David Green

David Green (Books) is the imprint under which I publish booklets of my own poems, or did. The 'Collected Poems' are now available as a pdf. The website is now what it has become. It keeps me out of more trouble than it gets me into. I hope you find at least some of it worthwhile.

Saturday, 17 June 2017

Pavlos Carvalho

Pavlos Carvalho, Bach Cello Suites nos. 1 & 5, St. John's Chapel, Chichester, June 17th

Festival weather is all very well until it coincides with a festival. Some of us with a weight and age ratio that makes us more prone to perspiration have to take it gently in such overwhelming conditions and would prefer festivals in September and October. But it was worth it to have a second day this week in Chichester and a friendly, and very useful, recital of two of Bach's Cello Suites.
As with the last visit, there was a change to the advertised programme and we got no.5 rather than no.6, due to a recent injury setback that meant Pavlos wasn't best prepared for the technical demands of no.6.
No matter. It was an opportunity for him to explain about no.5 and he was very enlightening about this 'bible of cello music' re-discovered by Pablo Casals, the origins of which we know sdo little about. If you took John Eliot Gardiner's book as evidence, you'd think the Cello Suites and Well-Tempered Klavier were peripheral pieces in the oeuvre but Gardiner is a cantata man less disposed to extrapolating on this lone instrumental voyage.
With the suites being so central to the repertoire, Pavlos and all other cellists are up against some mighty legacy in essaying any account. Casals, Tortelier, Rostropovich, Yo Yo Ma and Natalie Clein are five I've heard and that is betting without Isserlis. But he does well not to overdo it.
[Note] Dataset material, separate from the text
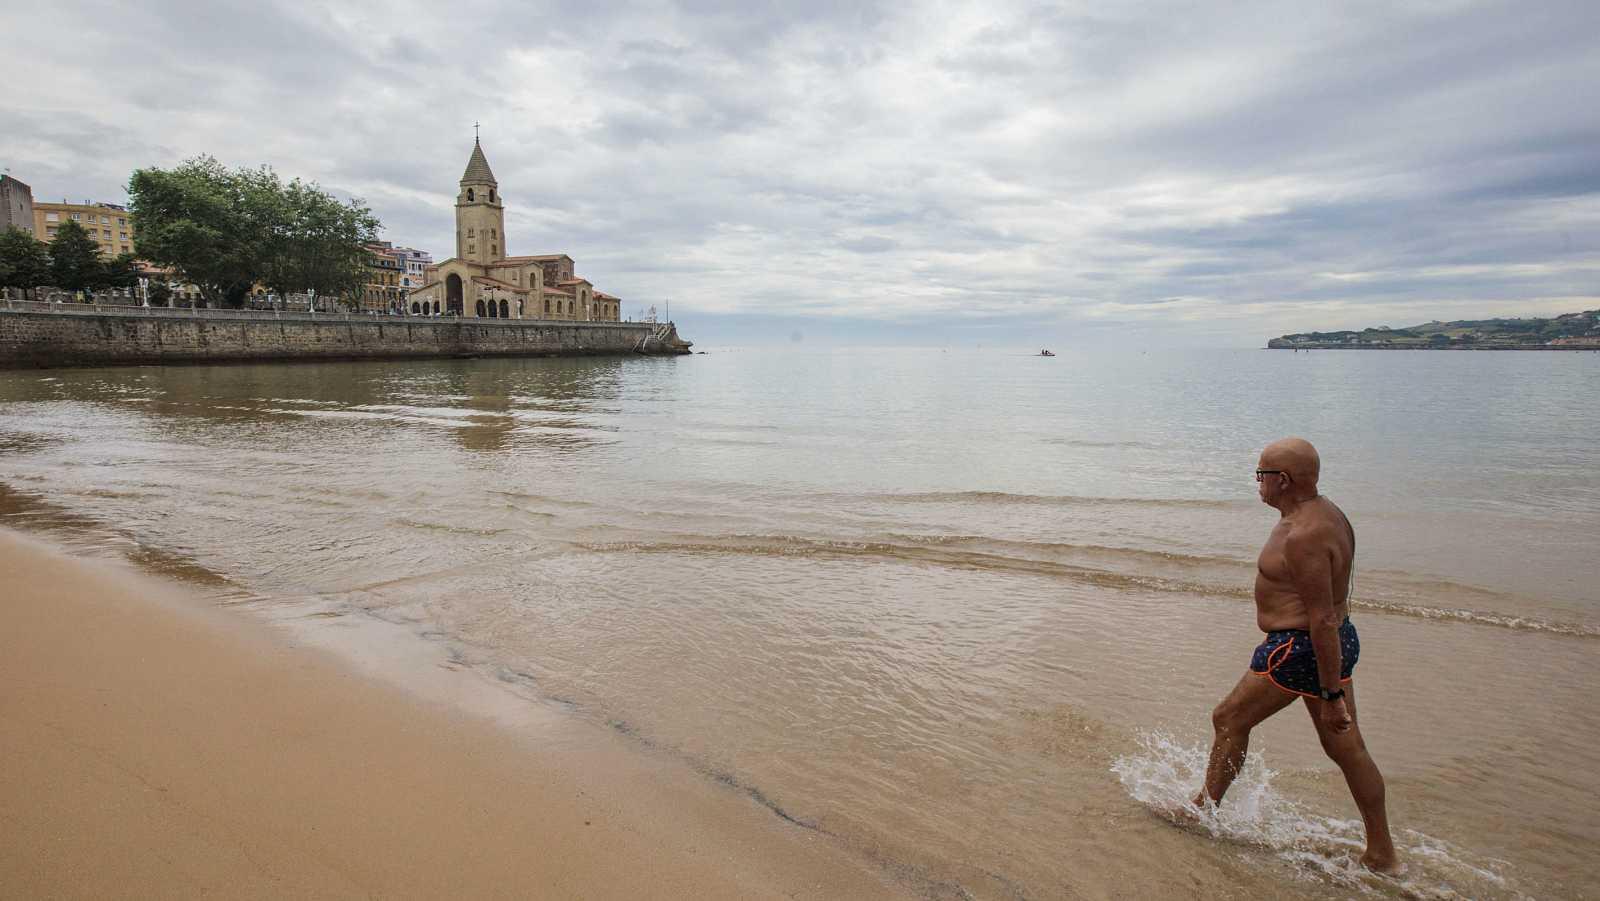 Un hombre avanza por la playa de San Lorenzo de Gijón, vacía en un día nublado y dejando atrás la fase dura del confinamiento en España.

The music is morte than capable of speaking for itself and Pavlos is wise to allow it to with intrusive flamboyance or exaggeration. More than once I was reminded of Marin Marais as the movements began but that was more likely my mind wandering rather than anything Pavlos intended.
Drawing our attention to the Sarabande in no. 5, he compared it to C20th minimalism, the way it is pared down to a single, unornamented line in which he needed an alternative strategy to the deft embellishments he achieved elsewhere. He described the 'stillness' of the movement, which I'm sure could bring with it any amount of meanings in different circumstances but today sounded like a lament for our troubled times when Her Majesty has seen fit to mention such things herself in a birthday message.
Soon after the subsequent Gavotte which in comparison sounds more like The Flight of the Bumble Bee, Suite no. 5 ends not with a dramatic crescendo but diminishes gently and then stops in a brilliant, brilliant piece of understatement by J.S. beautifully delivered by Pavlos.
And he is not the first to have offered Casals' own Song of the Birds as an encore, a haunting, noticeably Spanish short musical poem of soft pizzicato and evocative bowed lines that make you wonder firstly if Casals should have ben more of a composer and secondly if this piece is not a natural footnote to any performance of the Bach and eventually audiences will feel short-changed if they aren't given it.
Marvellous work by a charming and devoted musician, full of integrity, sincerity and belief. Masters though the above litany of cello world superstars might be, they can't deliver quite the intimacy in the Albert Hall that Pavlos Carvalho did in a small chapel down a side road off one of the main streets of Chichester on a Saturday lunchtime. Hats, as they were in a chapel anyway, off to him.